Traditional Medicines and OTC Products
All legal aspects surrounding traditional medicines and OTC products in Thailand. Prepared in association with Tilleke & Gibbins, a leading law firm in Thailand, this is an extract from The Pharma Legal Handbook: Thailand, available to purchase here for USD 99.
1. What are the regulatory requirements for traditional, herbal, complementary, or alternative medicines and devices?
In April 2019, the Thai FDA published and implemented the Herbal Product Act. This is now the main act regulating herbal or traditional medicine in Thailand. With that said, the guidelines and requirements of traditional/herbal drugs are not yet published.
2. Can these traditional, herbal, complementary, or alternative products be advertised directly to the public?
Yes, herbal medicines can be advertised directly to the public.
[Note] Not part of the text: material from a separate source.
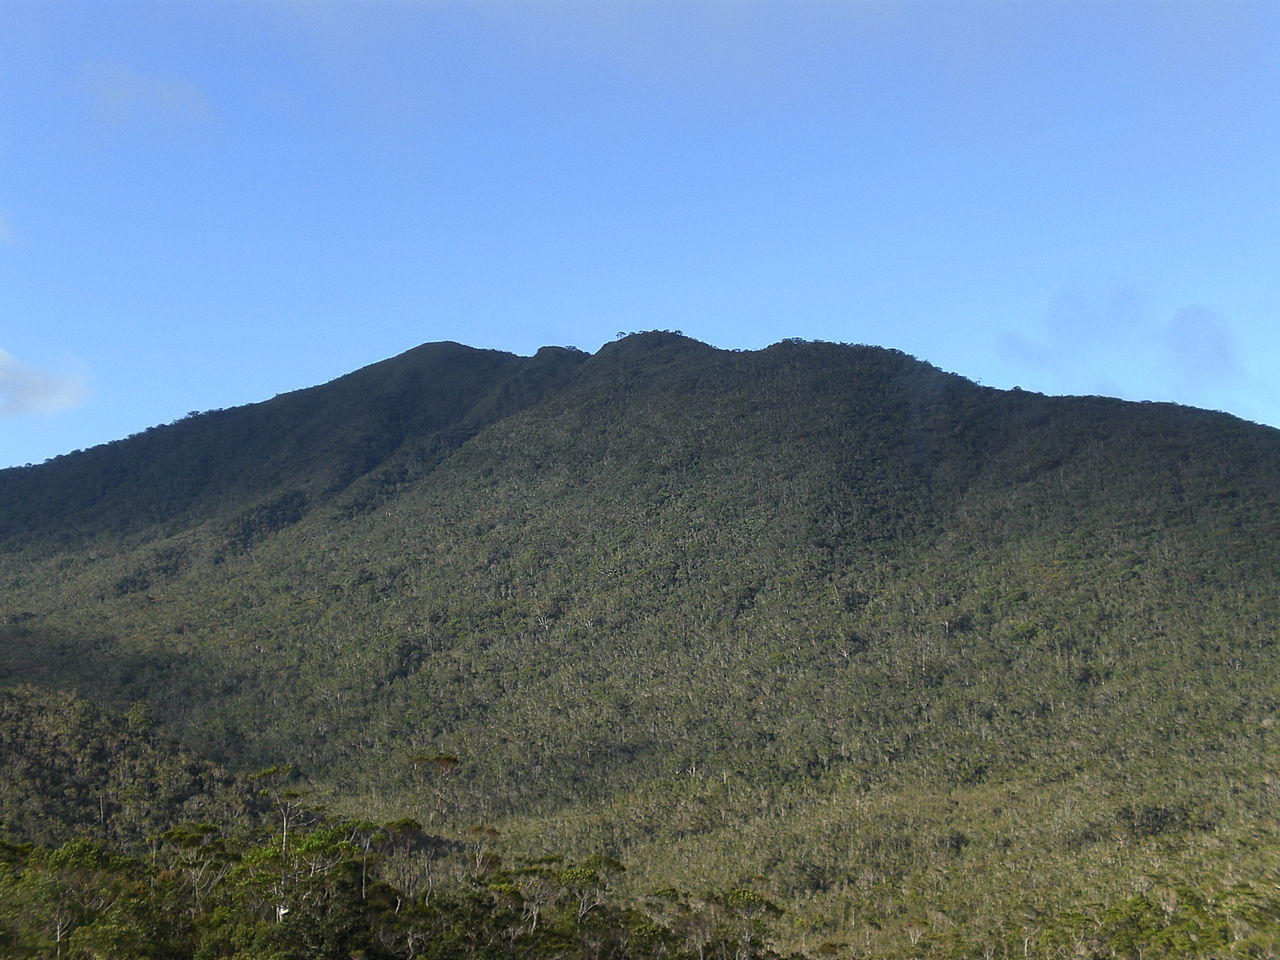 The peak of Mount Hamiguitan

Any advertisement for herbal medicines must comply with the advertising conditions prescribed in the accompanying Notifications, which have not yet been released.
3. What health, advertising, and marketing claims may be made for traditional, herbal, complementary, or alternative products?
Advertising and marketing claims for herbal products must comply with the advertising conditions prescribed by the Thai FDA. In addition, any statements or information provided in an advertisement must not go beyond what is provided on the product label, leaflet, or packaging.
In general, any claim is acceptable, as long as it does not:
- Boast that a medicine can miraculously or absolutely treat, cure, or prevent a disease or illness;
- Exaggerate or falsely declare properties of the medicine; or
- Give the impression that the drug has a substance as its chief or component ingredient that it does not have, or has in a lower quantity than is believed to be present.
4. What are the regulatory requirements for over-the-counter (non-prescription) medications?
The regulatory requirements for household remedy drugs (OTCs) are the same as those for other drugs, and the Drug Act, as amended, is the main legislation that regulates them.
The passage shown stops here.